The scheme has the full backing of the police, fire and ambulance services and the Traffic Commissioners. The training consists of one seven-hour course and is delivered by serving emergency services trainers, all of whom perform front line duties when not in the classroom. For in-scope commercial vehicle drivers the course counts towards the Driver CPC periodic training requirement.

We have expressed reservations about the scheme in the past. Primarily we have questioned whether giving all comers a badge and some basic knowledge, is enough to then trust and expect them to react accordingly should they be the first on the scene at a serious RTC? We were invited to attend the course to see for ourselves, what the scheme is really all about.

The course venue was the South East Ambulance Service HQ in Banstead in Surrey and the content was delivered by PC Steve Rounds from the Central Motorways Police Group and Dave Evans of the Ambulance Service.

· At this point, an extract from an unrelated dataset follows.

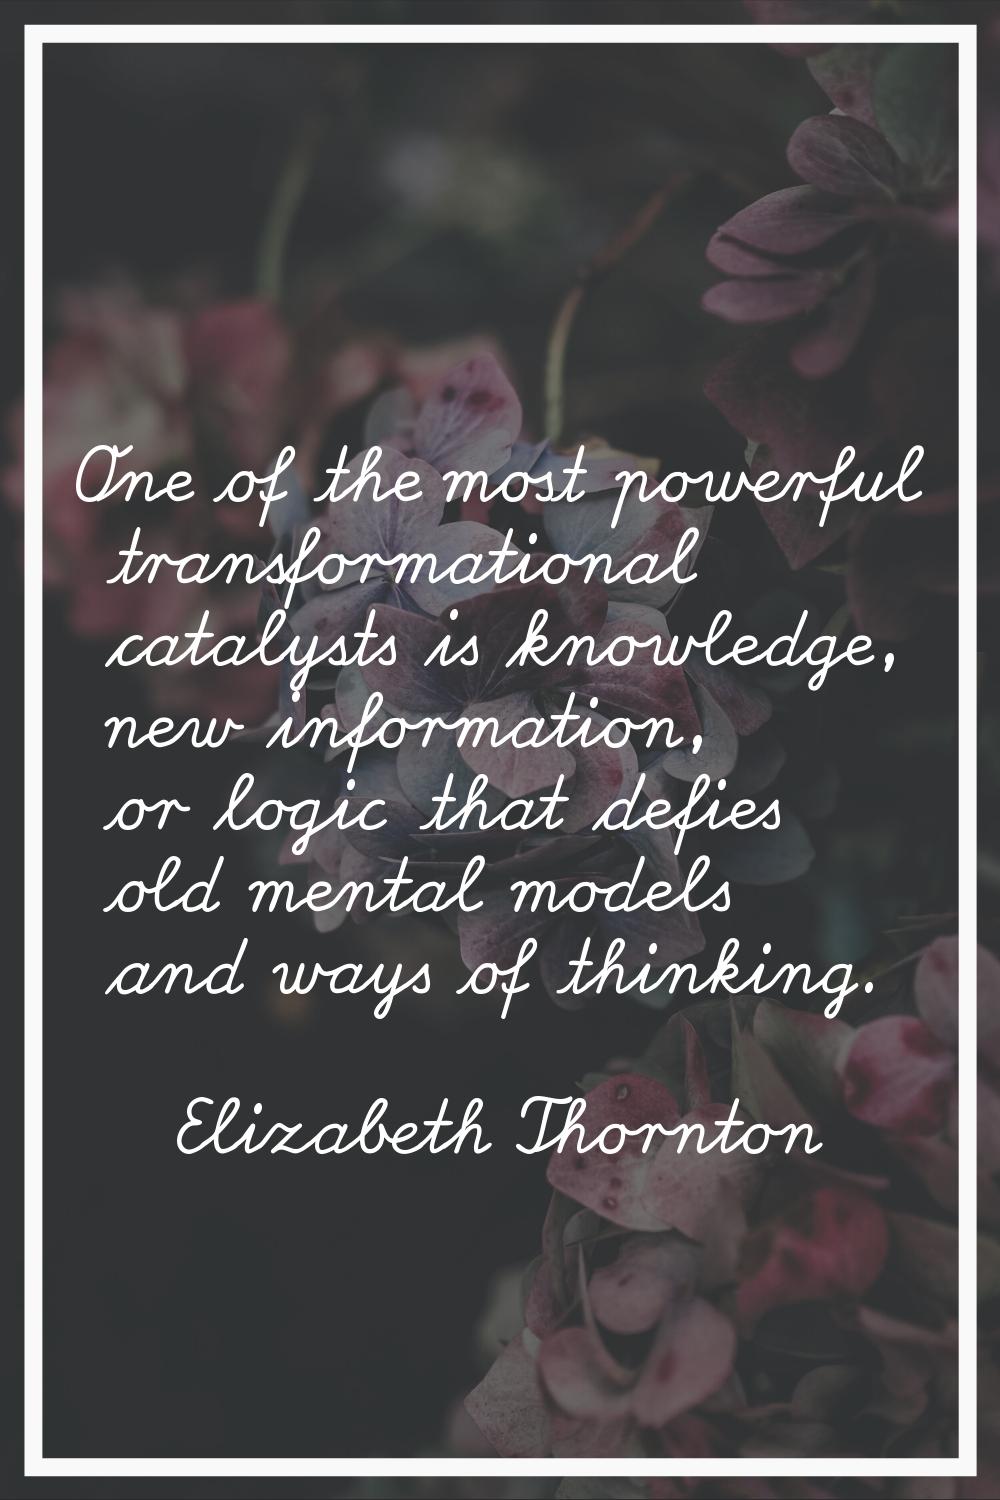 One of the most powerful transformational catalysts is knowledge, new information, or logic that de

PC Rounds was quick to clarify that attendance on the course should be voluntary and while it counted towards Driver CPC periodic training, individuals attending with a view to becoming a DFA should do this because they want to. He said: “What we are really about is giving publically spirited drivers, who would stop to help at the scene of an RTC anyway, enough knowledge to firstly keep themselves safe, to save life and to give timely and accurate information to the emergency services. Included in this is guidance on how to manage the scene until the emergency services arrive.”

Both trainers openly admitted that due to distance or congestion, it often takes 15 minutes, or more, for police, fire or ambulance to get to crash scenes. While the UK has one of the best road safety records in the world, an average of five people per day die on our roads and 55% of fatalities occur before the emergency services arrive. The principle cause of death is from cardiac arrest (the heart stops). Cardiac arrest occurs for various reasons but without intervention, death will occur within four minutes. Interestingly, PC Rounds said that drivers falling into unconsciousness at the wheel causes over 50% of RTCs. The police refer to it as death at the wheel.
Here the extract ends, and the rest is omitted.